Red Army Mostar is a FK Velež Mostar supporters' group. It is the oldest supporters group in Bosnia and Herzegovina.

==History==
Red Army Mostar was founded in 1981 in Mostar under the name Crveni šejtani (Red Devils) after FK Velež Mostar won its first Yugoslav Cup final. The final game was won with a score of 3–2 against FK Željezničar at the Marakana stadium in front of more than 40,000 people. Following its inception, Crveni šejtani fell into a period of decline but resurfaced again in 1986, when FK Velež once again reached the final of the Yugoslav Cup versus Dinamo Zagreb.

The game was won by Velež with a final score of 3–1. After that game, Crveni šejtani was renamed to Red Army. During that period, subgroups formed, including the Zealots, Eagles, Chicago, Furia, Carina and others. The group of FK Velež fans in Sarajevo was called Red Platoon.

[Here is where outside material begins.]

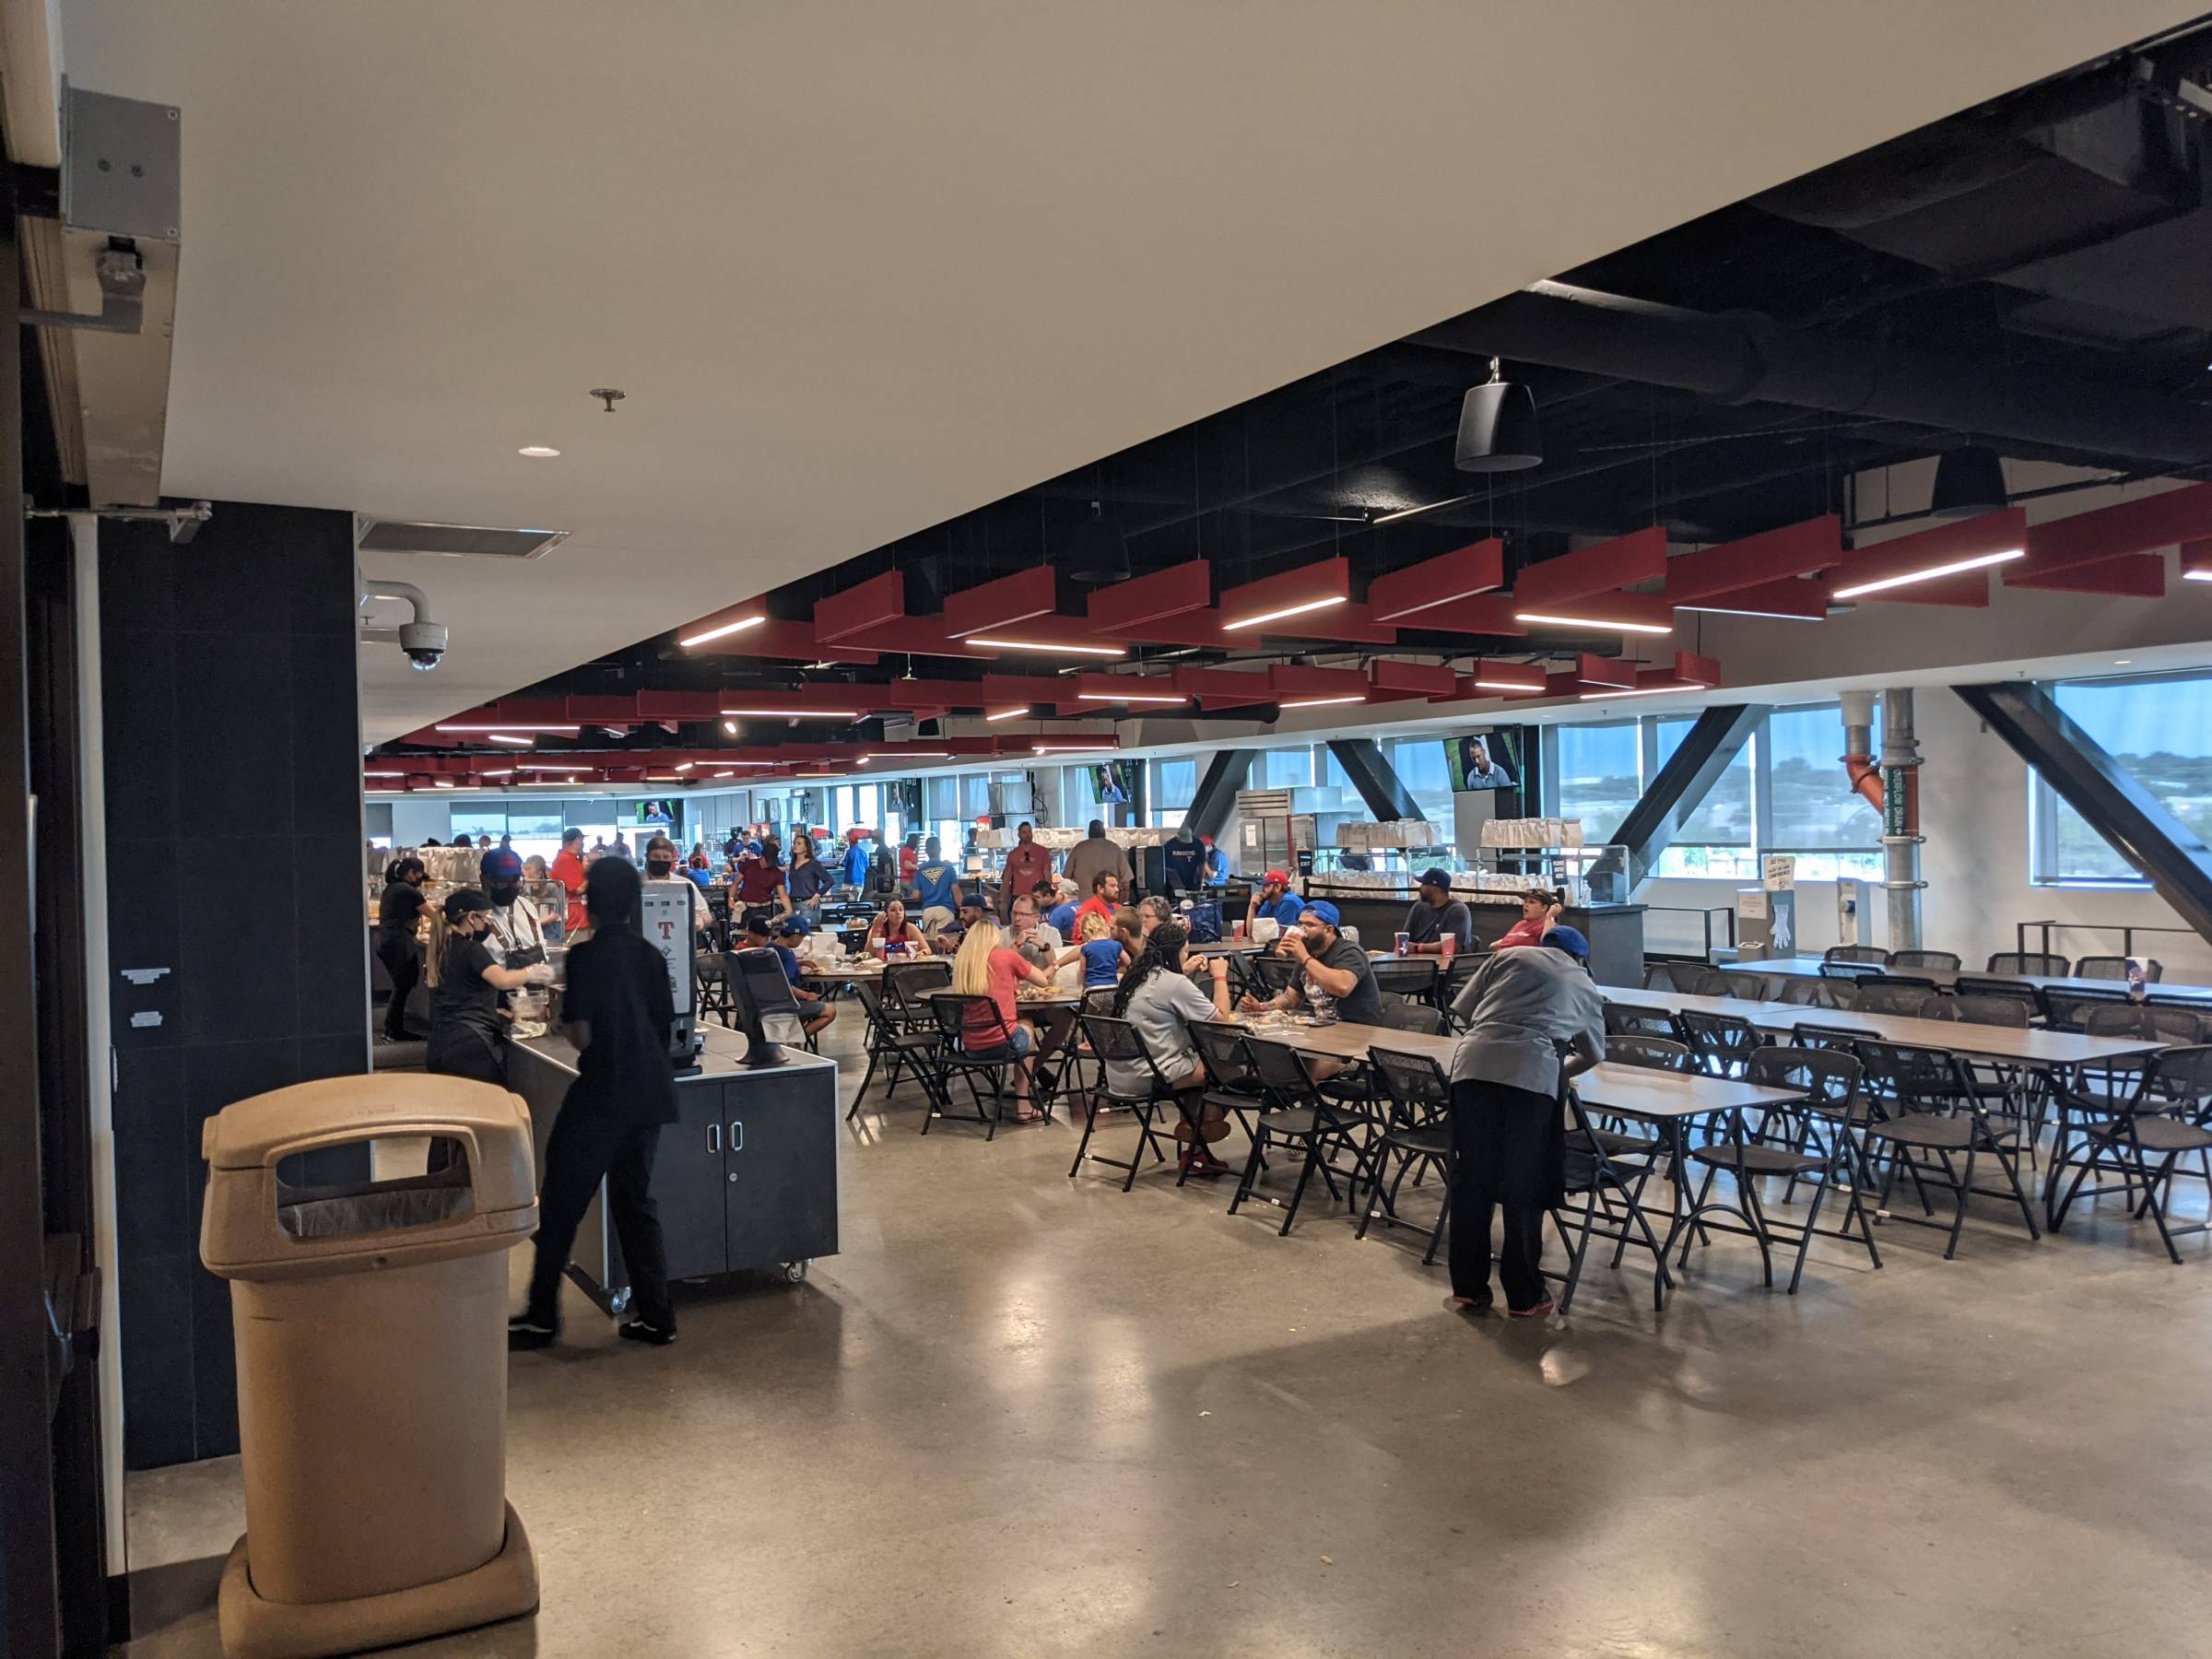 The Rangers and Globe Life Field introduce a few new concessions

During the Yugoslavia period, FK Velež was considered the pride of Herzegovina and was supported by all Herzegovinians. The fan base spanned Yugoslavia, with the most support coming from Konjic, Čapljina, Travnik, Doboj, Tuzla and Dubrovnik.

During the 1985–86 season, Mostar was a town of 110,000 people. However, eight thousand Red Army members traveled to Split to watch a Hajduk-Velež match. This is just one of the many examples of the love that Red Army had for Velež. Velež was viewed as a multi-ethnic team. Many Bosniaks, Croats and Serbs played in FK Velež.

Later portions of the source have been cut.